11. ОДИННАДЦАТЫЙ ХОЛОСТЯК

We use cookies. Read the Privacy and Cookie Policy

11. ОДИННАДЦАТЫЙ ХОЛОСТЯК

Жюль Верн принимает участие в «обедах одиннадцати холостяков», что не мешает ему подумывать о женитьбе. Однако, несмотря на пережитые разочарования, он не помышляет о браке по расчету.

«Зимовка во льдах», вышедшая в свет в 1855 году, написана была в 1854. 31 марта того же года Жюль сообщил матери о закрытии театра, «что позволит ему значительно продвинуть свои дела».

Из письма от 31 мая 1854 года нам известно, что театр закрылся лишь в конце мая, а из письма от 17 мая, что Жюль закончил произведение объемом около двух томов[34] на сюжет, заказанный «Мюзе». О чем идет речь? Нет сомнения, что имеется в виду «Зимовка во льдах», повесть достаточно длинная.

Кошелек его тем не менее почти пуст, и, чтобы переехать на улицу Бонн-Нувель, 18, «на тот самый 6 этаж, откуда он, двадцатипятилетний, созерцает чудеса бульваров», ему приходится, как мы уже говорили, взять в долг у отца 60 франков.
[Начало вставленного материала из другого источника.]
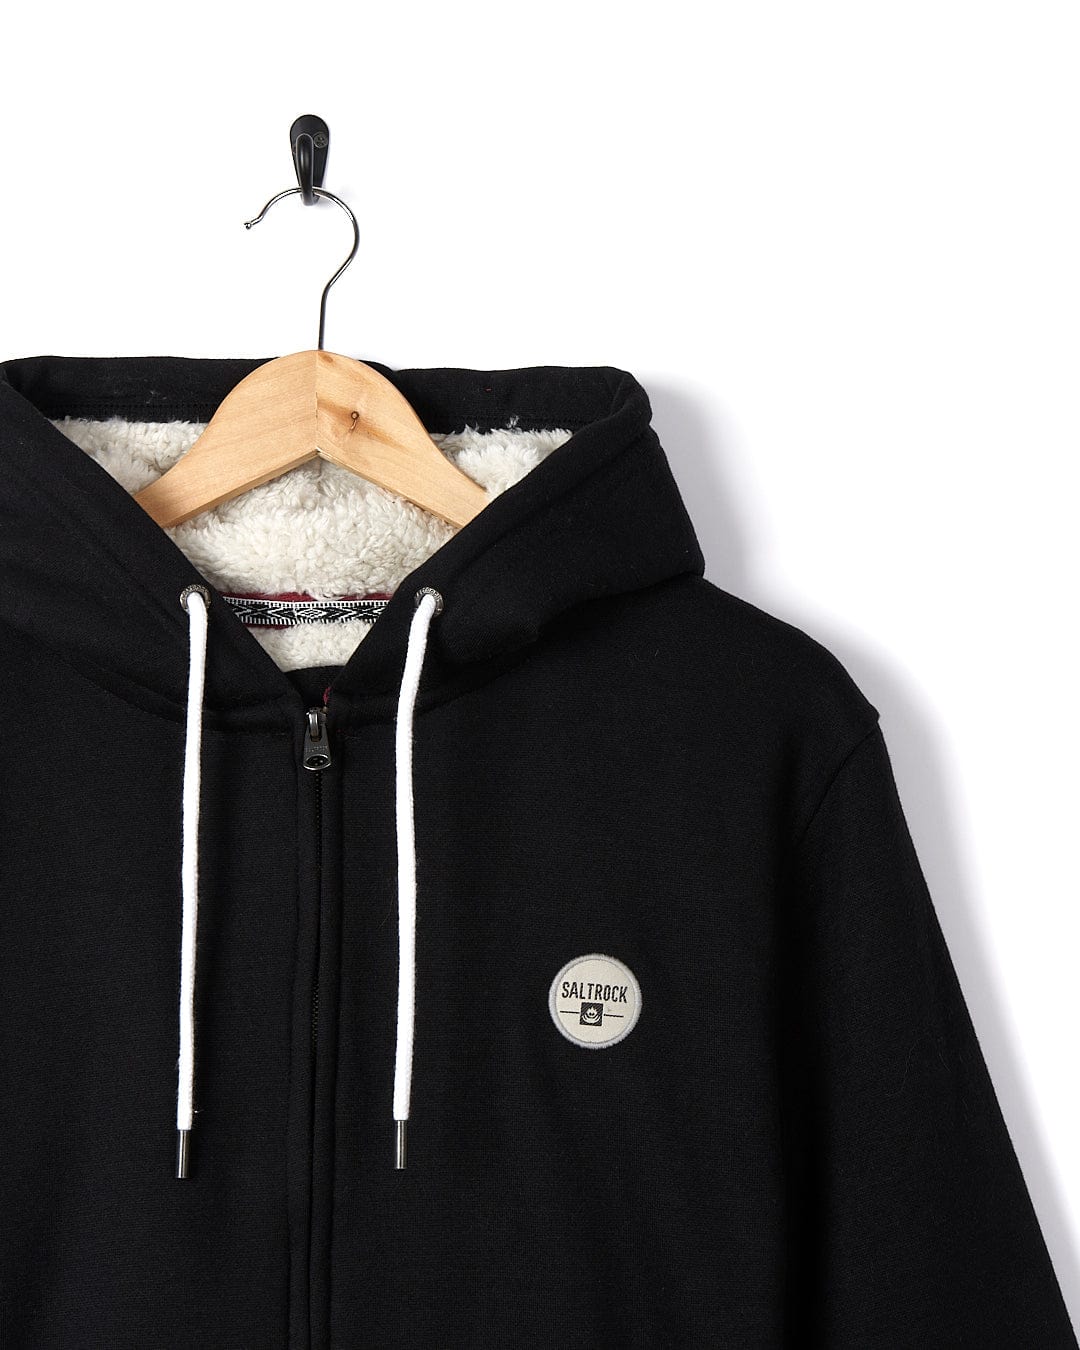 A Rebelto - Mens Fur Lined Hoodie - Black with a white logo on it.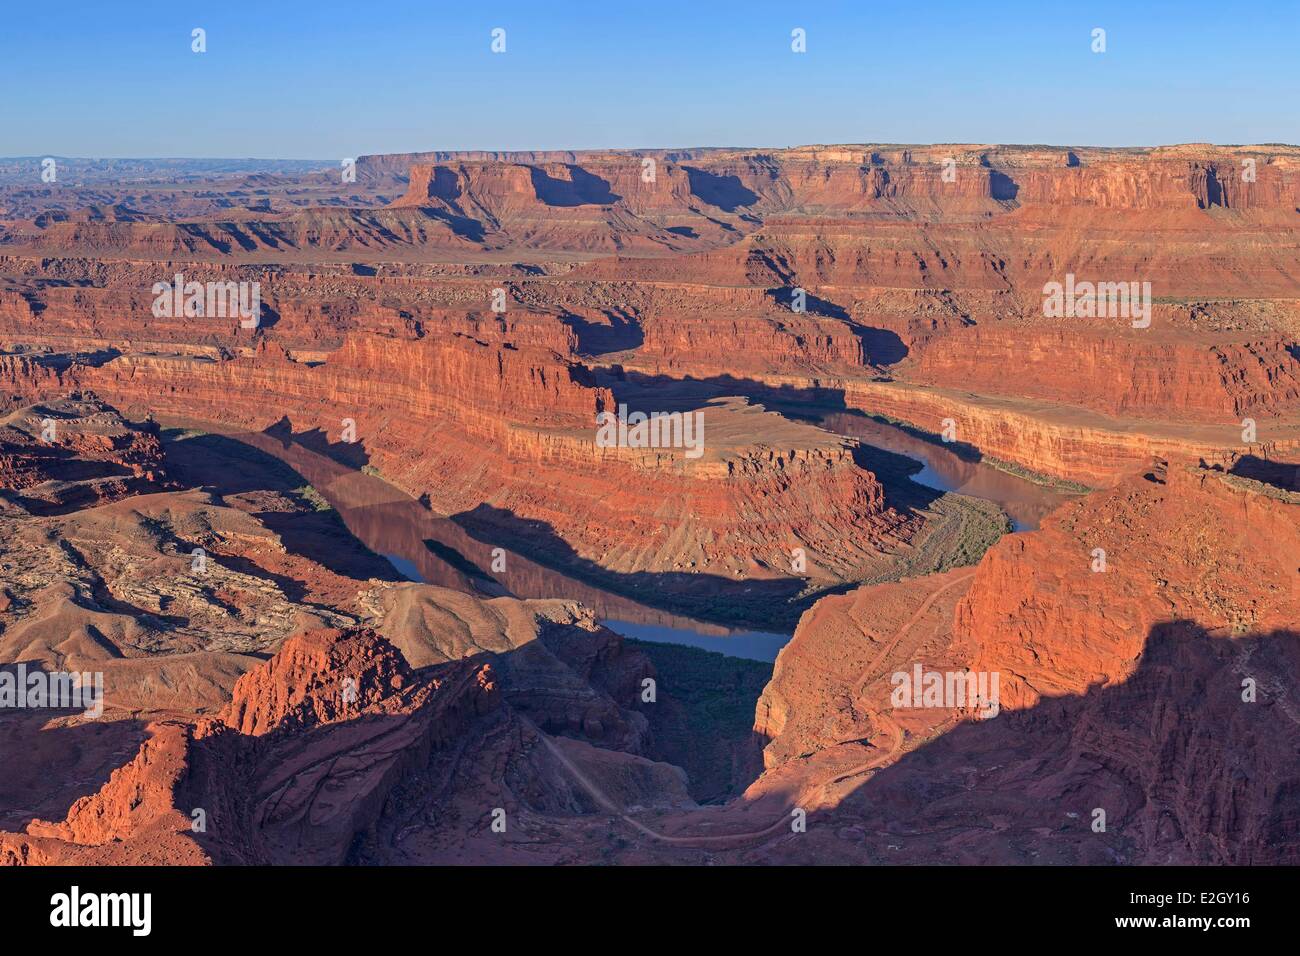 United States Utah Colorado Plateau Dead Horse Point State Park near Canyonlands National Park Colorado River at sunrise Stock Photo

Не потому ли, что он чувствует, как «старость клонит вниз его седую голову», и что он уже «близок к тому моменту, когда у порядочного человека появляется брюшко и он слышит, как трещит по всем швам его сшитая в дни юности одежда, не потому ли он прощается со всеми отроческими иллюзиями» (так он, во всяком случае, уверяет) и с некоторой завистью наблюдает, как друзья его женятся?

Неужто он один из «одиннадцати холостяков» так и останется неженатым? Между тем на фотоснимке того времени он выглядит очень привлекательным. Только что он принес, как видно из письма к матери от декабря 1855 года, «величайшую жертву на алтарь медицины». Речь идет о попытке излечиться от невралгии лицевого нерва. «Я сбрил всю бороду, — пишет он, — чтобы основательней растирать челюсть. Я ужасающе похож на Матильду…»

В декабре 1855 года он отвечает матери: «Ты говоришь, что желаешь мне того, о чем я сам хорошо знаю. Уж не супругу ли нежную? Право, я бы не отказался». Сообщив о женитьбе своего приятеля доктора Виктора Мари на дочери г-на Пелуза, члена Института и директора Монетного двора, он констатирует: «Для него это великолепная партия» — и добавляет: «Не вижу, почему бы мне не подцепить в парижском свете супругу, богатую девицу, которая, скажем, сбилась с предначертанного пути или была бы готова с него сбиться… ну и все тут!»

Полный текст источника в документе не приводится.